— Ты что же, барин, — насмешливо говорил он, — опять без передника гоголем ходишь?

Меня штрафовали, и я некоторое время довольствовался тем, что в перерывах от работы, стоя где-нибудь в уголку, около душа, с жадностью смотрел по сторонам. На скамейках сидели и лежали люди, покрытые мыльной пеной, возвышались толстые, тяжело дышащие животы, виднелись красные лица с умиротворенным выражением и полузакрытыми глазами. Банщики шлепали, потягивали и растирали эти бока, спины и ноги, «рубили на них котлетки», и мыльные брызги летели во все стороны. Полусонные взоры тех, кто поближе, равнодушно блуждали по моему лицу и по моему короткому переднику, а я стоял и думал: «Хорошо, хорошо, посмотрим». Но тогда, видит Бог, у меня не было никаких определенных планов. Это явилось гораздо позднее… И очень долго, наблюдая за публикой, я ничего не испытывал, кроме какого-то странного самоуслаждения.

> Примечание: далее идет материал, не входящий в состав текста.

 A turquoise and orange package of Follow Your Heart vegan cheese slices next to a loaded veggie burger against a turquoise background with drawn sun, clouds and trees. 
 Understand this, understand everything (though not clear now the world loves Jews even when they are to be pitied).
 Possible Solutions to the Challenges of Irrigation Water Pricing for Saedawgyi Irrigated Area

Только что вымытые, разнеженные и выхоленные туши медленно и важно проходили мимо, а из их глаз смотрело на меня нескрываемое холодное и сытое равнодушие. А вот легкомысленные усики, кокетливо-самодовольные глазки, тонкая талия, широкие и покатые плечи — и так и хочется вообразить прямо на этом теле блестящие пуговицы, а на голых, дрыгающих пятках беспечно позвякивающие шпоры. И где-нибудь рядом — тяжело и основательно, как бы в невидимых толстейших сапогах, выступает неладно скроенная жирная спинища с женоподобными круглыми плечами и предательскими, не оставляющими сомнений, мокрыми косичками, болтающимися у затылка. Каких только букетов я не вязал в этом прекраснейшем из цветников, в бане! Офицеры, купцы, священники, и все это голое, самодовольное — в вымытом и детски беспомощное — в намыленном виде. Каким презрением я проникался к этим мешкам с костями и жиром и как я их ненавидел!

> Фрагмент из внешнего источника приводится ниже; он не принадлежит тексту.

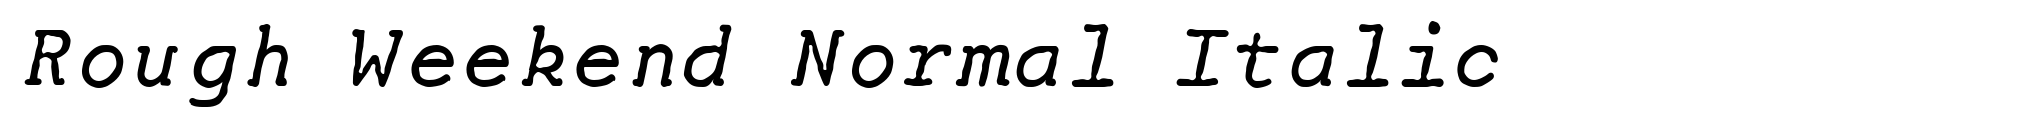 Rough Weekend Normal Italic image

В эти острые минуты я забывал даже своих «друзей» и на веселые окрики: «Дорофей свободен?» — сердито и нехотя отвечал: «Сейчас».

— Ну, Дорофеюшка, — говорил какой-нибудь молодой чиновник или купчик, — поздравь… мне Бог даровал сына.

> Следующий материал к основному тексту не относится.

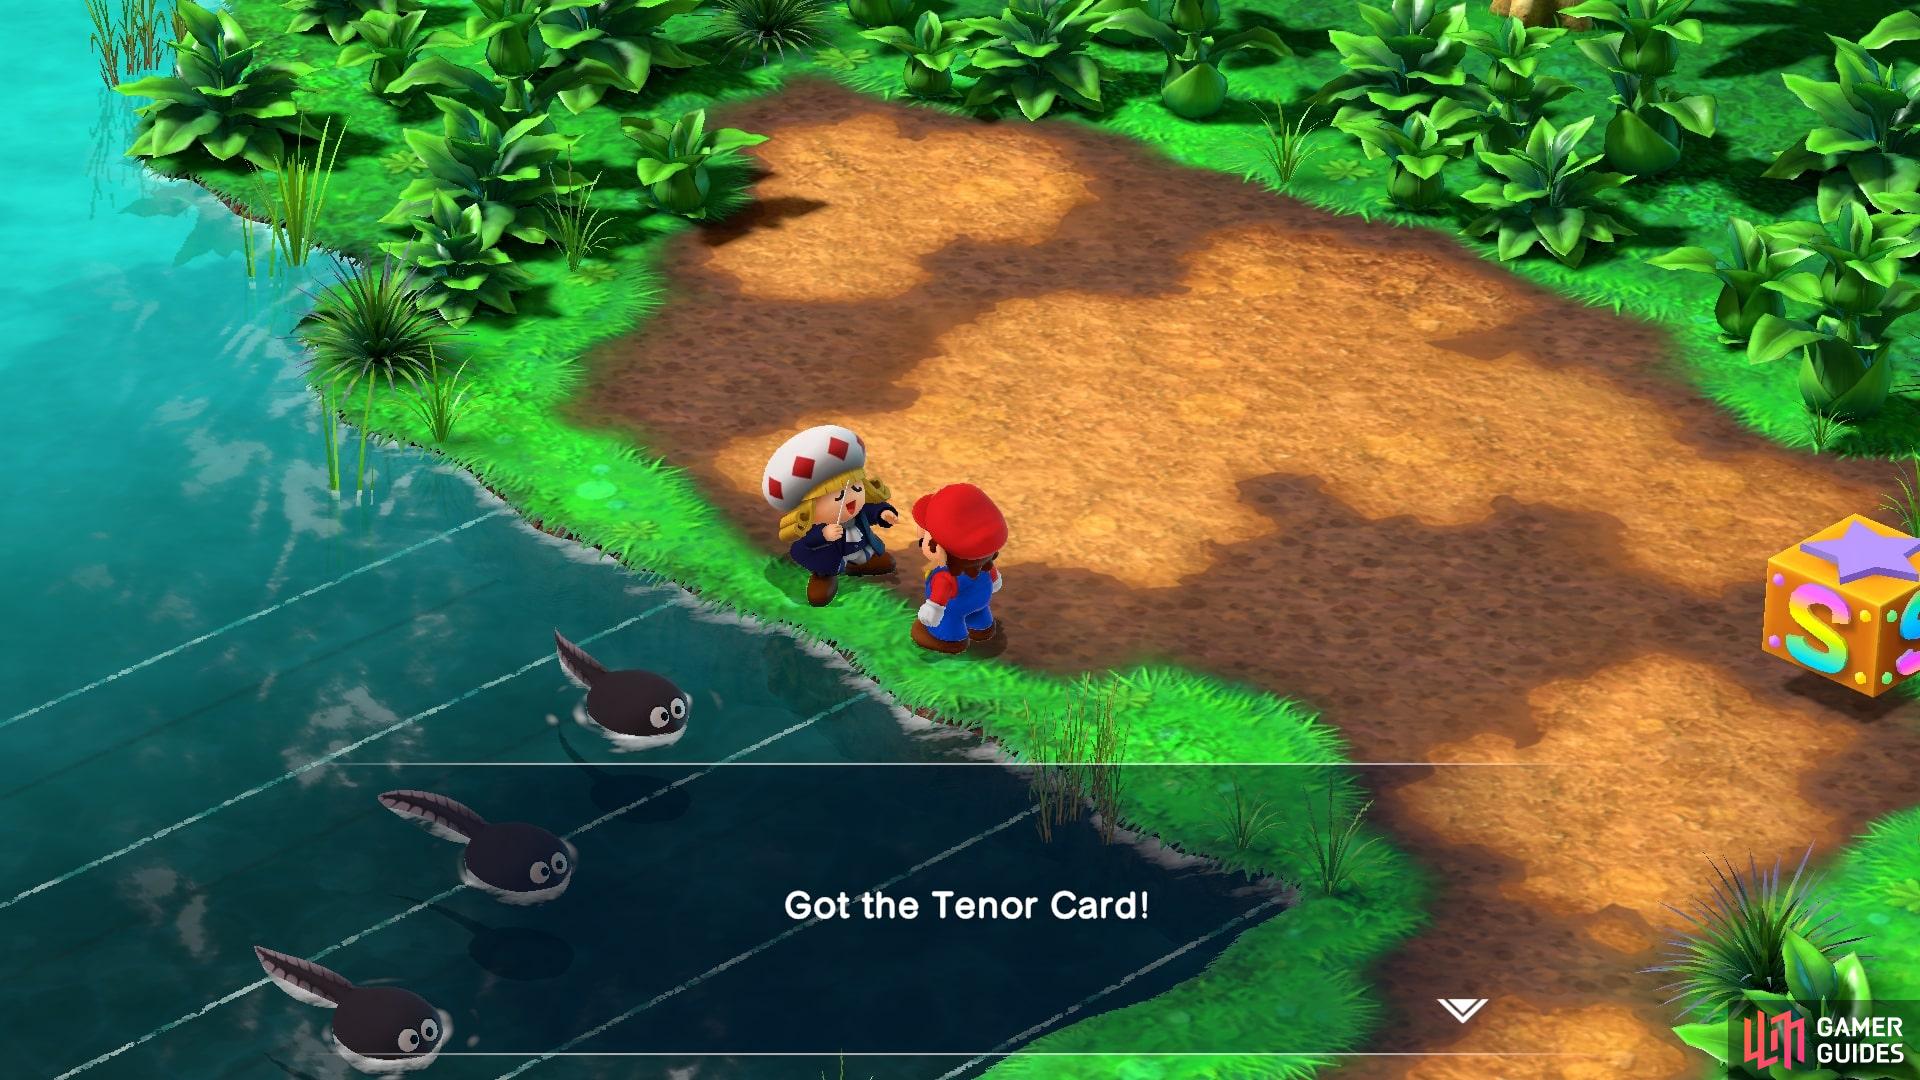 Once you finish Toadofsky will give you the Tenor Card.

— Не поздравляю, — мрачно говорил я.

— Вот как, — смеялся чиновник, — ах ты, философ! Повтори, повтори! Ха-ха-ха!

Если ко мне попадало разжиревшее тело какого-нибудь генерала, купца или отца-диакона, раздражение мое усиливалось, и я ожесточенно тер мочалкой, пока меня не останавливали:

— Однако, брат, того… нельзя ли поосторожнее?

Или короче и суше:

— Мыть не умеешь, осел!

И вот когда к нам в бани начал ходить он, человек, отравивший мне половину жизни, похитивший у меня самое дорогое, что у меня оставалось, мое счастье и мою честь, выбросивший меня на улицу, — с того времени для меня начался настоящий ад, состоявший из шести дней мучительного ожидания и одного дня самого страшного из наслаждений — ненависти. Он являлся часто, каждый понедельник вечером, всегда ровнешенько в девять часов, и я готовился к этому моменту с лихорадочной торопливостью. Все валилось у меня из рук, я был вне себя от нетерпения, и только тогда, когда его фигура появлялась в дверях, я вздыхал облегченно.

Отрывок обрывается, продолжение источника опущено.